The children at Negril All Age School, not to mention every other local I met while in Jamaica, seemed to have perfected what I, in 27 years, still struggle to attain. I watched as a group of school children gleefully jumped rope and more than anything I wanted to join in the fun. Why was I standing like an observer when I could be part of the action? As more and more children walked up to me and introduced themselves with a grin, I became aware that my barriers were quickly tumbling down.
Later in the day I did get involved by reading a book to a younger group of students. In these moments I felt alive, grateful that my insecurities did not keep me from embracing the moment for what it was–one person helping another. As our group headed for the door I was nearly struck down by the dozens of children running up to me, hugging me and waving goodbye. One girl held me so tightly that I felt I might cry. It wasn’t that she was hurting my waist with her unbreakable embrace but because I felt so utterly loved that I might burst. I have plenty of love in my life but there was something so pure, so tender about their goodbye that I felt blissfully content.
Before leaving, one of their teachers later mentioned to me in passing that the children loved when visitors came to the school because it was their way of traveling and meeting new people. Immediately, my face reddened. Of course, me being a travel writer and getting to visit a new destination every month has nothing to do with the local students there, but I felt guilty because I so often take this for granted. I’m always telling others that you don’t need to travel to learn; that you can learn a lot just from exploring your own backyard. It seemed that perhaps my words contained some truths.

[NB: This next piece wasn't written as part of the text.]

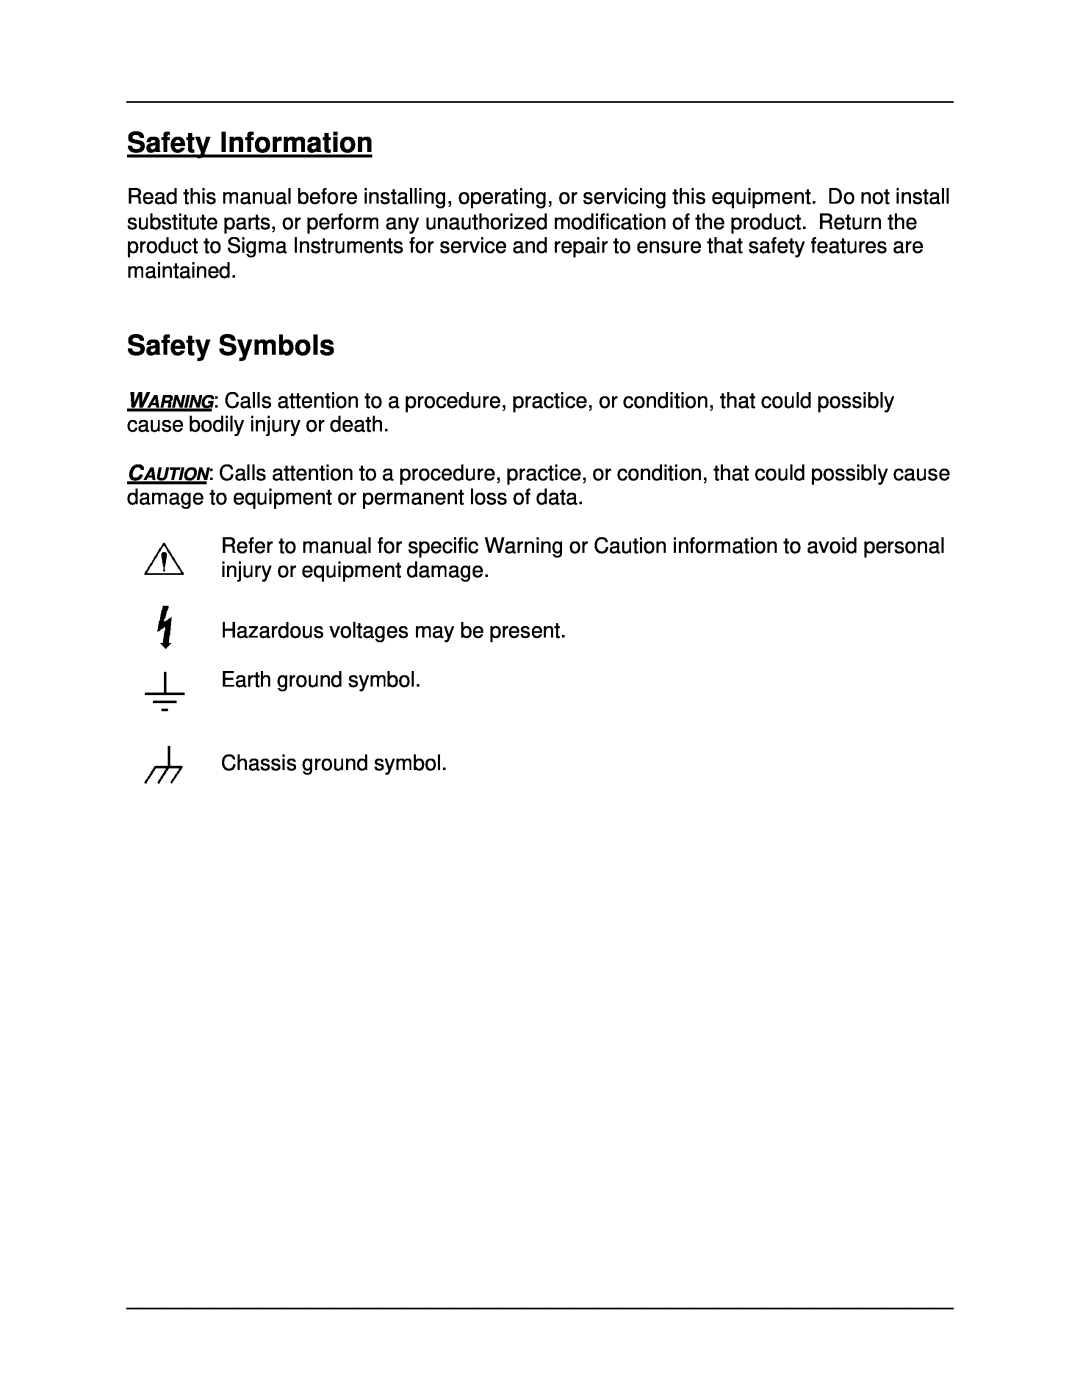 Sigma SQM-160 manual Safety Information, Safety Symbols 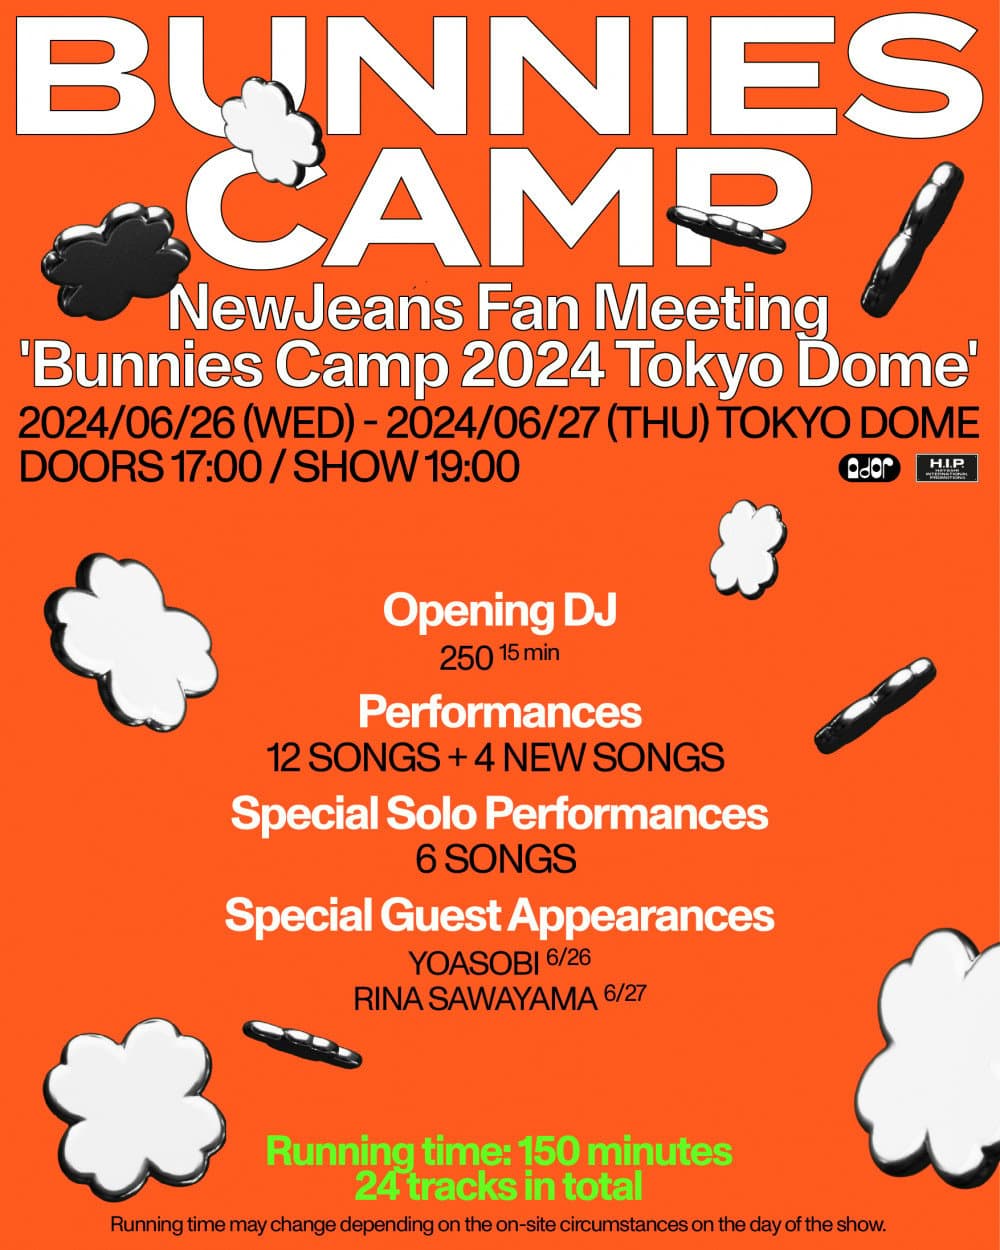 NewJeans планируют представить 24 трека, включая 4 новых, на фанмитинге в Tokyo Dome

The same thing came up a few days later during our visit to a traditional Rastafarian village. One of the leaders mentioned that they had Internet there on site and that surprised me. I couldn’t imagine this group of men and women being interested in surfing the net. I wasn’t alone on that, and seeing our perplexed faces, he explained that traveling isn’t as easy for them as it is for others and that using the Internet is a form of travel. He was so proud, so hopeful about humanity and his fondness for life was contagious.
As I pondered all these lessons on my last night in town, I began feeling confident about where my own path might lead. Almost routinely, I had used the hour leading up to dinner to reflect on my experiences from the day. After dinner, I often found myself drifting away from the group toward the water where I could stare out into the abyss that seemingly had no end. Oceans have a way of making you feel small but this time, I felt like I had far more to offer the world and the idea that I could make a difference, however small that was, gave me strength.
Thinking back to my favorite book, Peter Pan, I remembered the single most impactful passage that assured me that adulthood wouldn’t be so bad. J.M. Barrie writes,
There could not have been a lovelier sight; but there was none to see it except a little boy who was staring in at the window. He had ecstasies innumerable that other children can never know; but he was looking through the window at the one joy from which he must be for ever barred.
Inspired by this fleeting though, I resolved to take the lessons I learned while in Jamaica and live and love as if nothing else mattered.